Nous sommes toujours à l’automne 2012 durant mon exploration du Japon…
Le coté urbain de Tokyo est très intense. Son dynamisme nous emporte lorsque l’on se retrouve mêlé à la foule. Suivre ce rythme, cette cadence nécessite d’être en bonne forme physique ce qui n’est pas mon cas.
J’ai besoin de calme…
J’ai besoin de vert…
J’ai besoin de respirer l’histoire du Japon à un rythme très ralenti…
Kamakura et son Buddha géant est la bonne destination.
Je suis exténué par l’ascension de la veille mais cela ne m’empêche pas de me lever tôt afin d’activer mon JP Pass.
Ce fameux Pass réservé exclusivement aux étrangers qui souhaitent emprunter le réseau ferré national pour parcourir tout le Japon.
Non pas que les Japonais eux même ne puissent pas bénéficier d’un forfait leur permettant de prendre les transports de façon illimitée sur une période donnée…Le JR Pass est proposé à un prix parait-il plus agressif.

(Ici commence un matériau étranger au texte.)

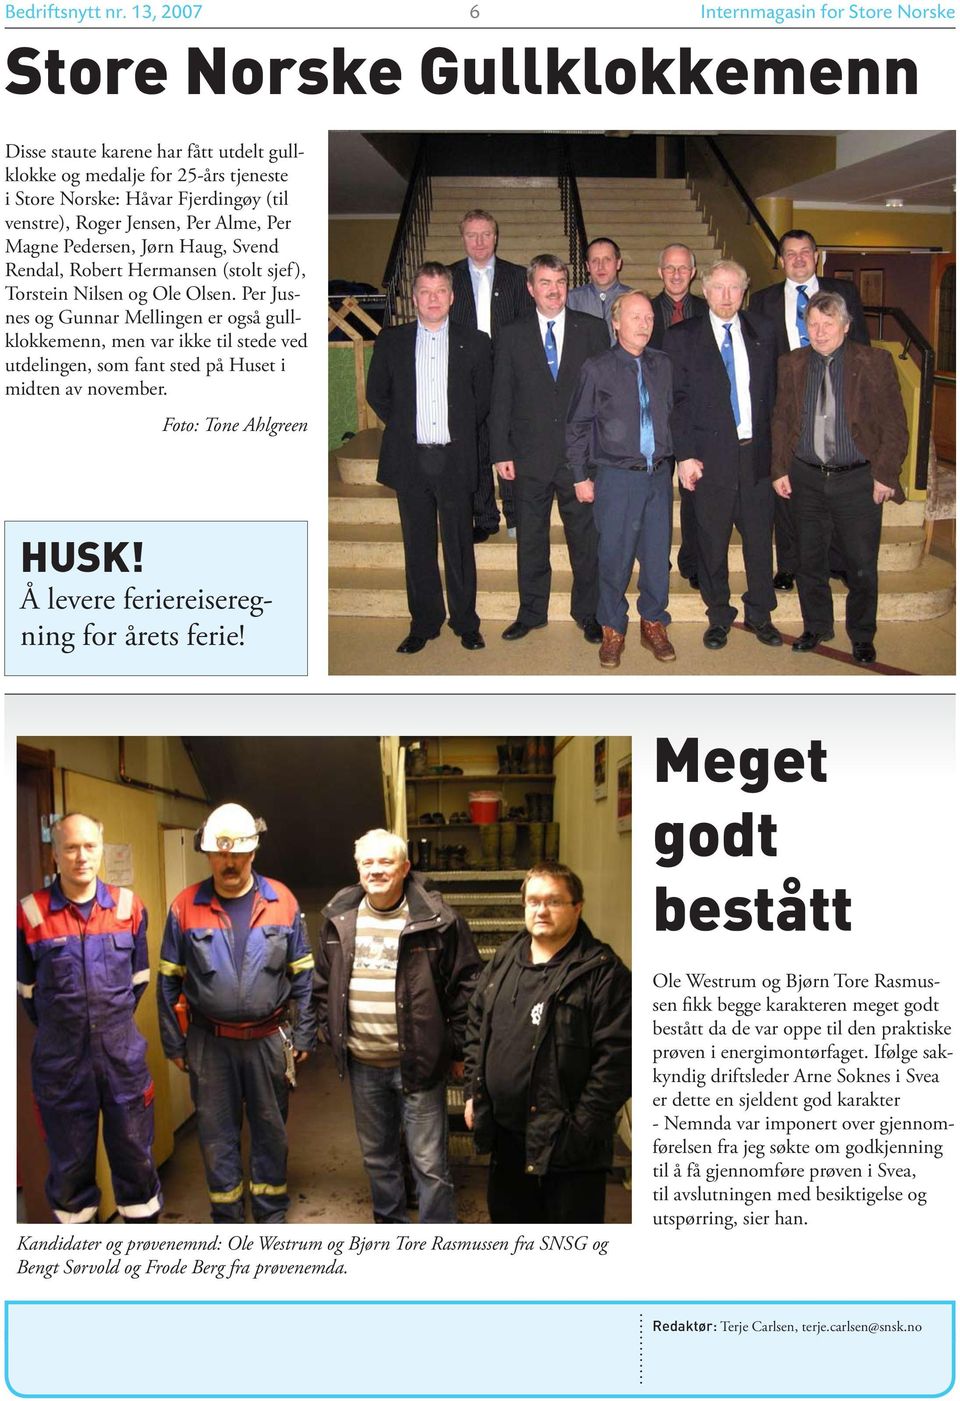 Roger Jensen, Per Alme, Per Magne Pedersen, Jørn Haug, Svend Rendal, Robert Hermansen (stolt sjef), Torstein Nilsen og Ole Olsen.

J’ai prix un forfait de 7 jours à près de 300 euros ce qui me semble déjà à mon niveau relativement cher…Je n’ose donc imaginer le tarif réservé aux locaux.
Kamakura…
Une ville qui accueille les plus vieux temples et sanctuaires du pays, après ceux de Nara.
Arrivé à Kamakura, il fait soleil, doux et ciel bleu.
Je décide de ne pas me rendre dans l’immédiat dans les temples à proximité. Je prends un petit train local dans une petite gare à l’ancienne…quelques stations plus tard (à 5 minutes) et quelques écoliers Japonais très beaux avec leur chapeau jaune, j’arrive enfin dans cette petite ville…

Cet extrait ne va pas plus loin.